The tech companies support a compromise immigration reform bill proposed by the bipartisan group of politicians known as the Gang of Eight.

Earlier this month, representatives from Microsoft, Qualcomm and Intel backed an effort on Capitol Hill to destroy arguments raised by labor unions, which basically oppose proposals to immigration laws concerning foreign workers with higher skills.

During a briefing, two economists, Gordon Hanson and Matthew Slaughter, rejected arguments that the presence of H-1B visa workers lowers wages for American tech workers.

Foreign workers in STEM “earn salaries that are level with American-born tech workers and that the unemployment rate for technical jobs has fallen sharply since the recession,” according to the economists’ findings – as reported by The Hill newspaper.

"Increasing the number of STEM jobs that we have in the United States increases the likelihood that the next big thing happens here," Hanson said.

"We are competing globally now," Ayush Soni, a government relations specialist at Qualcomm, was quoted by the newspaper. "We're also now competing with Chinese companies, Taiwanese companies, Korean companies…If we can't put a worker in San Diego or wherever our supply chips are, then they'll go and compete somewhere else."

Also, Microsoft has more than 6,000 jobs it cannot fill, Bill Kamela, policy counsel at Microsoft, added.
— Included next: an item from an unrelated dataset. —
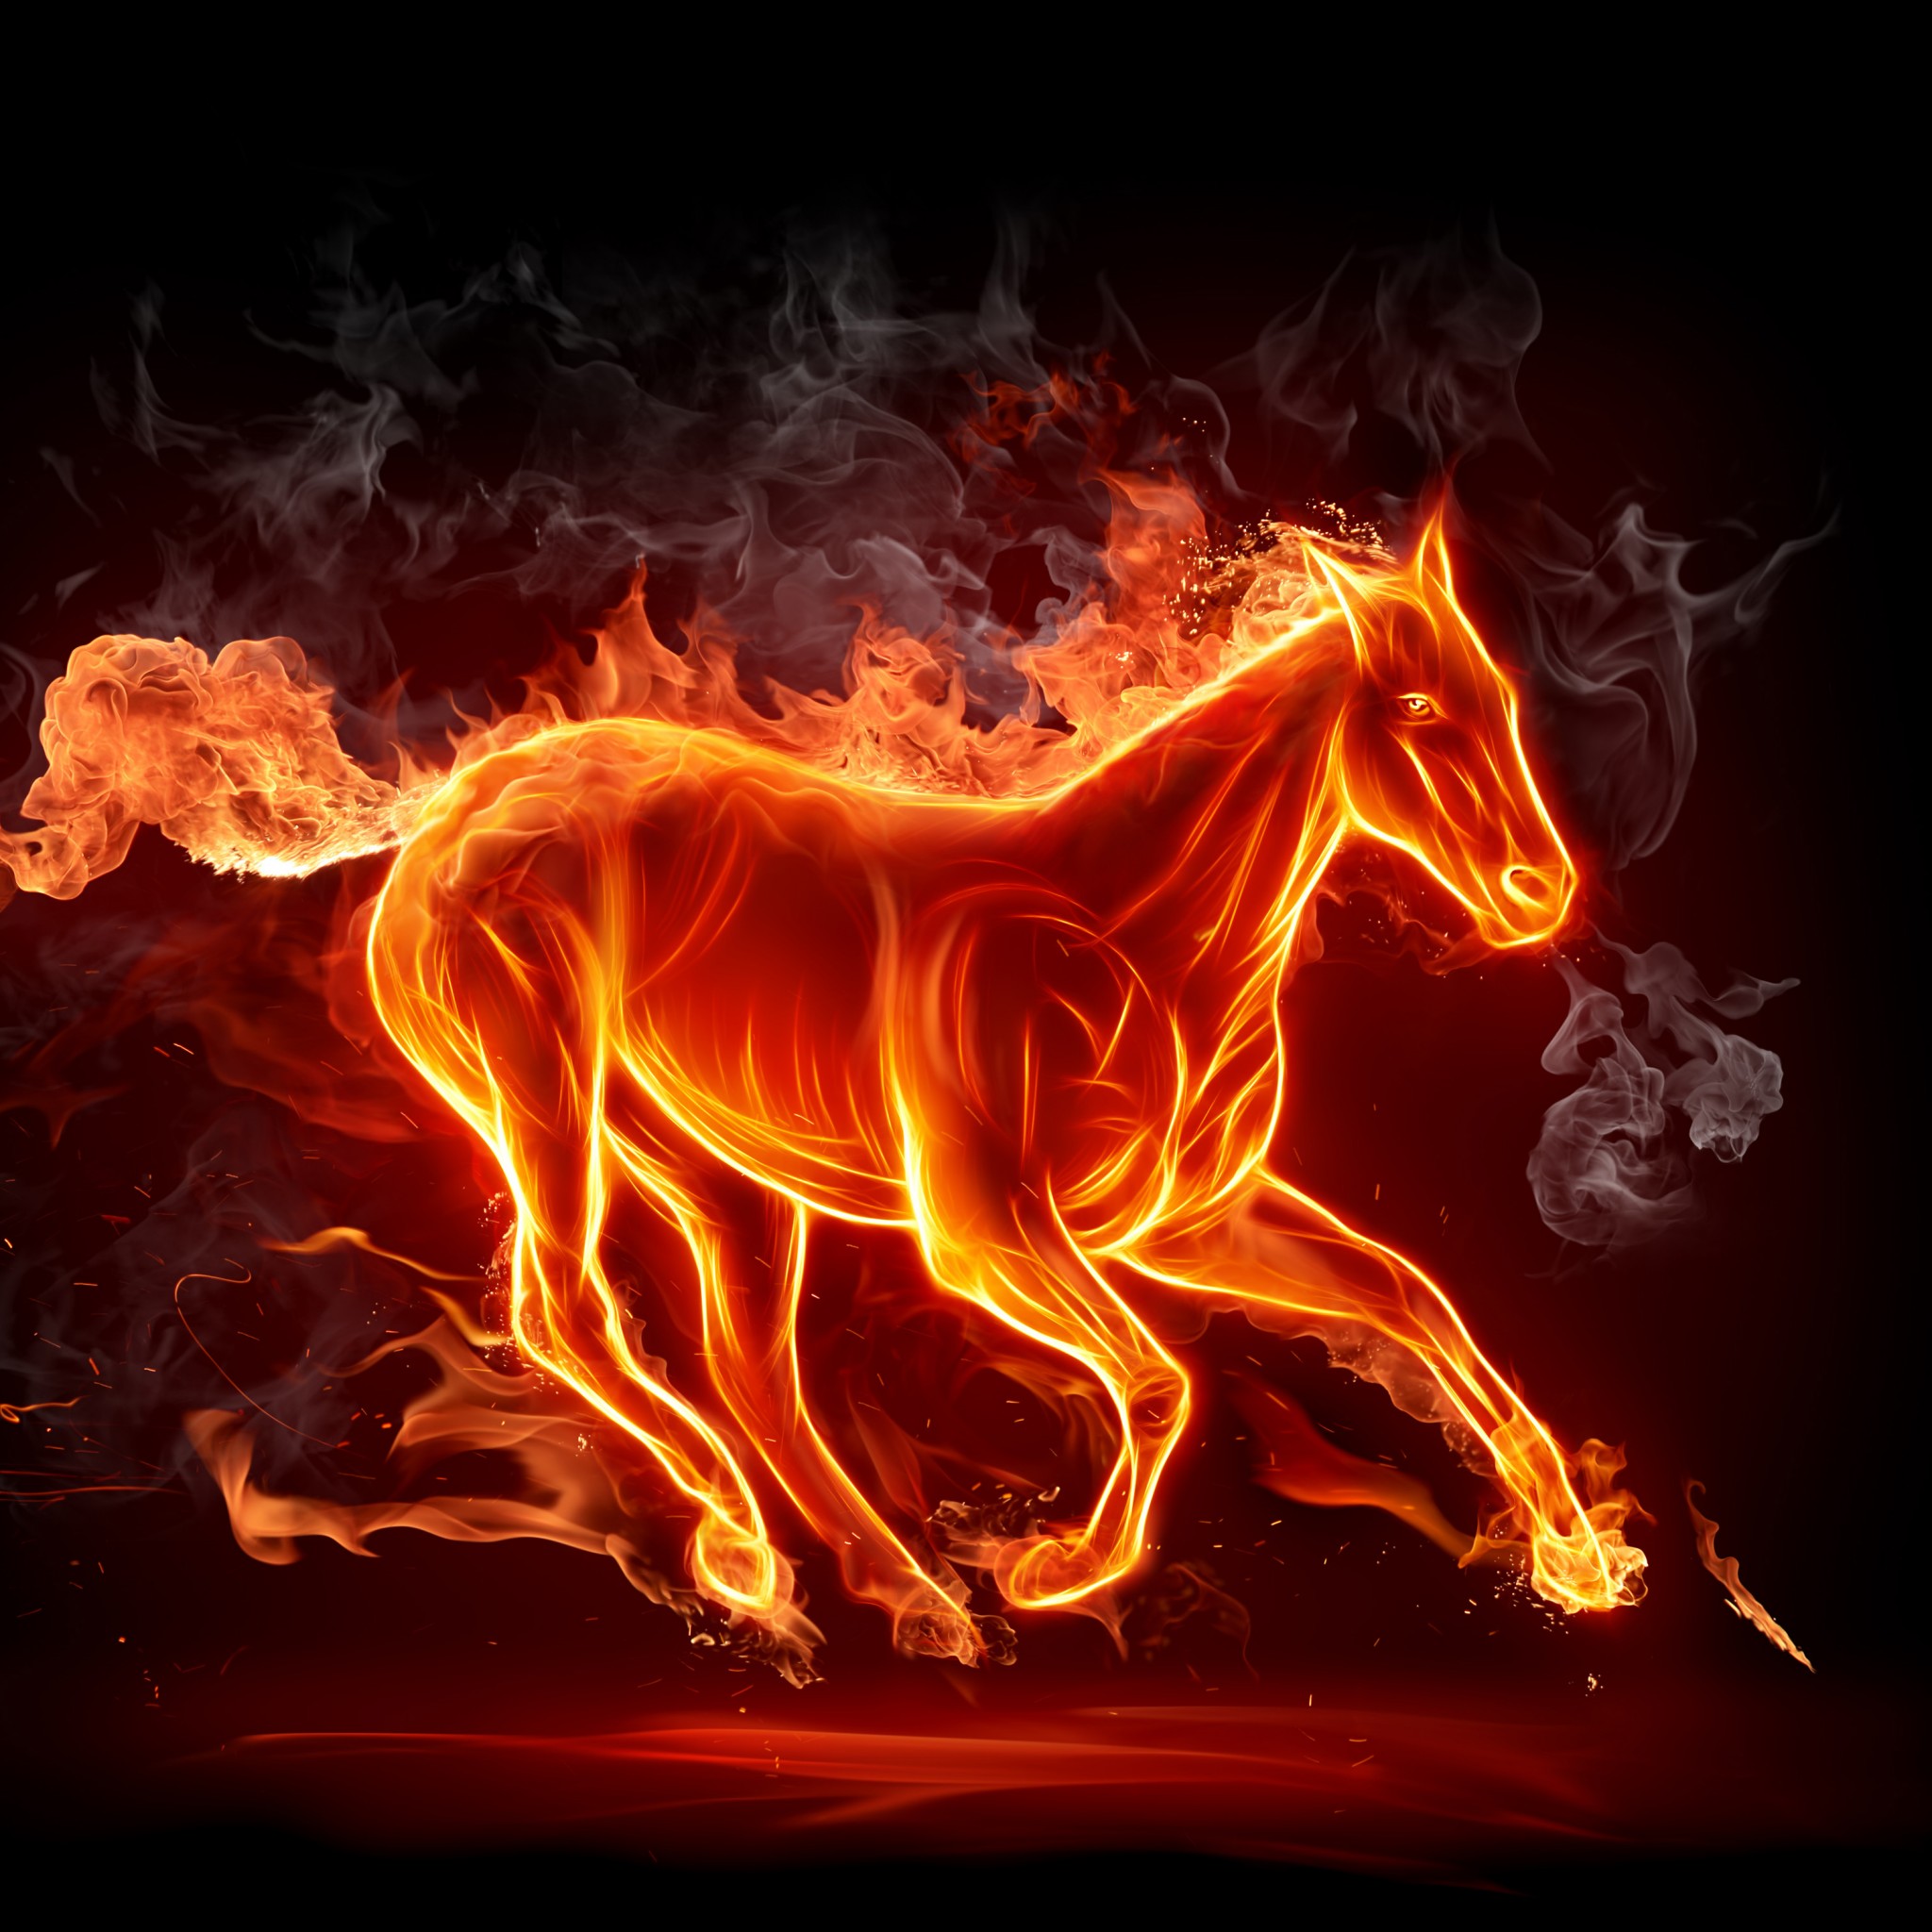 Digital Art Fire Horse 3d Desktop Hd Wallpaper Wallpapers

"Just to be clear, the vast majority of folks we hire every year are Americans. We will hire thousands and thousands more Americans this year than we will bring in H-1Bs," Kamela was quoted by The Hill. "For our company, it is all about complementing and supplementing what is a largely American company. Over 90 percent of our workers are not H-1Bs."

When the Senate Judiciary Committee approved an immigration bill in recent weeks, the high-tech industry got singled out by much of the news media as the big winner.

“The result amounted to a bonanza for the industry: unlimited green cards for foreigners with certain advanced U.S. degrees and a huge increase in visas for highly skilled foreign workers,” Fox News reported.